Пролог

Сажаю ее себе на колени и заглядываю в огромные серые глаза. Девочка так близко, что кончики наших носов почти соприкасаются. Вдыхаю ее дивный запах, от которого кровь превращается в высокооктановый бензин, и плыву как наркоман после дозы. Хочу ее так, что даже начавшийся конец света не помешал бы мне получить свое.
— Сколько за ночь? — спрашиваю охрипшим голосом, накручивая на палец локон темных волос.
— Я не понимаю, — мотает головой крошка, будто реально не понимает врубается, что я ее раскусил.
— Понимаешь, — настаиваю я, только больше заводясь от игры юной жрицы любви в недотрогу.
— Не знаю, — ее голосок становится глубоким и грудным от волнения. — Я даже об этом не подумала.
— Должно хватить, — проговариваю я, шмякнув стопку купюр на грязную клеенку, и запускаю ладони под кофточку.
Она дрожит то ли от страха, то ли от нетерпения.
— Ты хочешь прямо здесь? — выдыхает вибрирующим, пьянящим тоном.
Да, я хочу прямо здесь: в этой грязи, где под подошвами хрустят полчища тараканов, а табуретка, на которой мы сидим, крепко сплетенные, вот-вот развалится.
— Да, — шепчу хрипло, умирая по ее чувственным, манящим губам. — Поцелуй меня.
«В этих маргинальных ебенях на жопу можно найти неприятности всех калибров», — крутится в голове, пока катаю во рту отвратный ментоловый леденец.

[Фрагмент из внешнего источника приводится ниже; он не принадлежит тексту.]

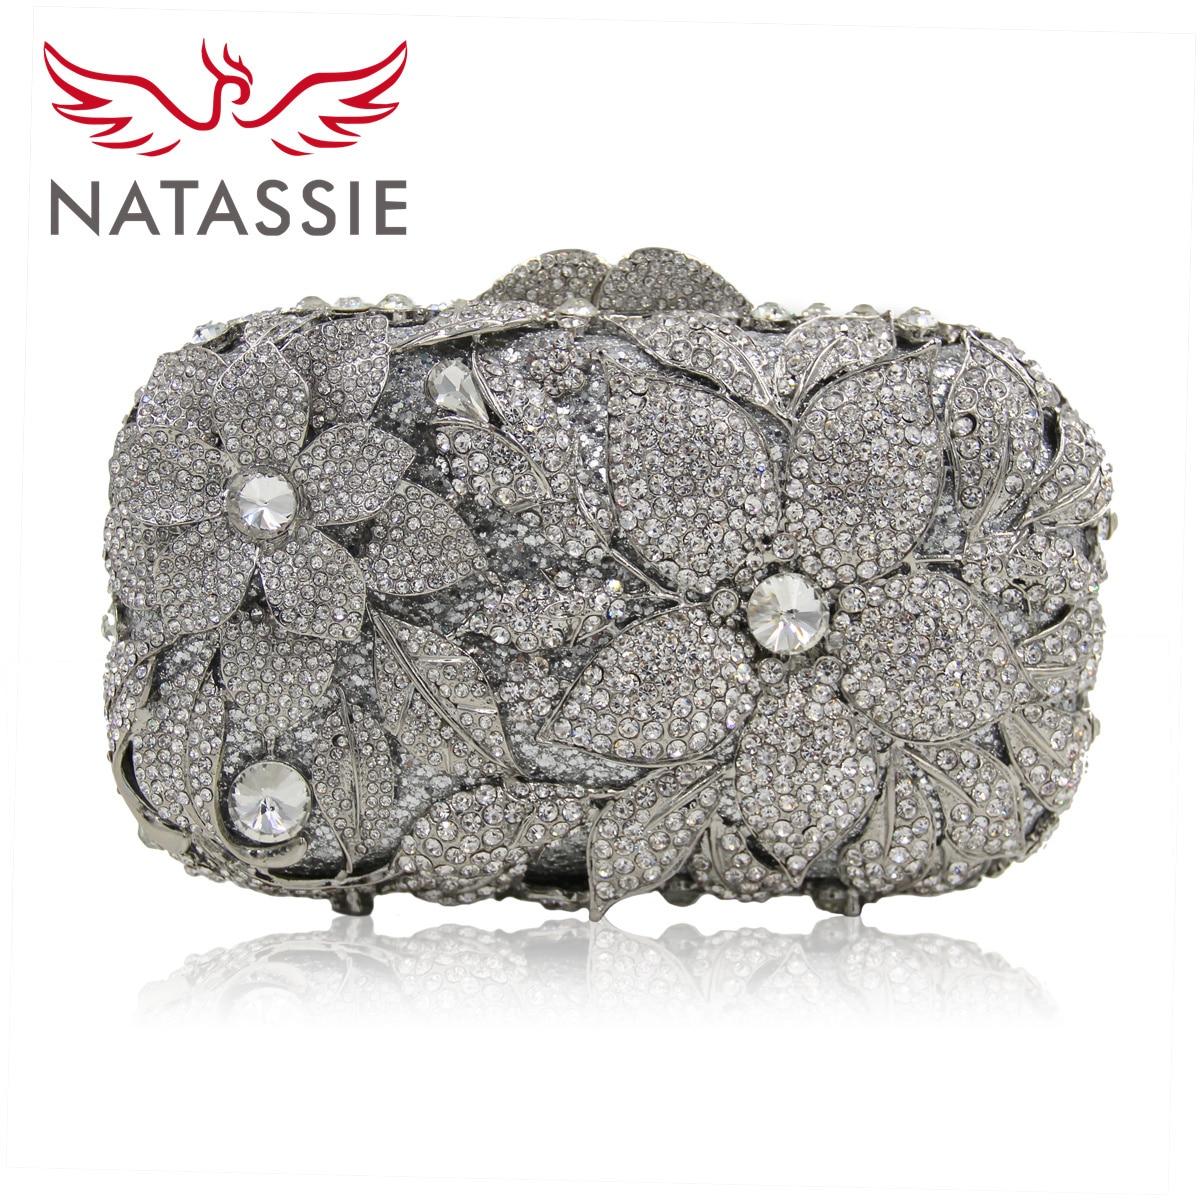 Natassie bolsa de noche de las mujeres de plata de la moda flor de cristal hembr

Ах да, еще я стараюсь не угробить, к херам, подвеску спорткара — дороги в этом городишке присутствуют номинально. Кошусь на старинный кортик в потертых кожаных ножнах, лежащий на пассажирском. Холодное оружие — моя слабость, и он, пожалуй, стоил вечерней прогулки в эту жопу мира. Его продавал столетний дед, который не имел ни малейшего понятия, как передать товар покупателю другим путем, кроме как при личной встрече.
Не люблю позднюю осень. Уже стемнело, и накрапывает мерзкий дождик. Я сдерживаю лошадок под капотом, чтобы не наскочить на какой-то неприятный сюрприз. Ладно, прорвемся. Делаю погромче звук магнитолы, и салон наполняет визгливый вокал Бона Скотта. Песня прям в пику — еду и подпеваю во всю мощь голосовых связок:
— I'm on the highway to hell!
Что-то светлое метнулось перед лобовым стеклом. Моргнул, блин, не вовремя.
Я резко бью по тормозам — привязной ремень врезается в грудь. Бросаю взгляд на дорогу и натыкаюсь на девичье лицо в обрамлении растрепанных темных волос. Она грохается на капот, громыхнув об него худеньким телом. У меня сердце уходит в пятки — я сбил человека.
Я же медленно ехал. А девчонка как из ниоткуда появилась — выскочила и сама бросилась под колеса.
Отстегиваю ремень и выскакиваю из машины. Подлетаю к ней и зависаю, не зная, как быть дальше. Девчонка стоит, согнувшись, и держится за капот.
— Ты живая? — ору я, обдумывая, как бы ее поудобнее взять на руки, чтобы не навредить еще больше. — Что-то болит? Сильно задел?
Она поднимает на меня огромные серые глазища. Ресницы густо накрашены черной тушью, а на губах — полустёртая красная помада, которая осталась только по контуру. С тусэ шла и, наверное, нетрезвая.
— Я в порядке, — голосок у малышки чуть грудной и очень приятный. — Напугалась просто.
Принюхиваюсь. Вроде парами не тянет, только недопарфюмом из местной палатки. Значит, под спидами, или еще под чем.
— Ты какого хера мне под колеса прыгнула? — рявкаю я, не понимая, почему должен выплясывать посреди ночи перед обдолбанной девчонкой. — Жить, что ли, надоело? Или закинулась чем?
— Пожалуйста, спаси, — всхлипнув, внезапно прижимается ко мне всем телом.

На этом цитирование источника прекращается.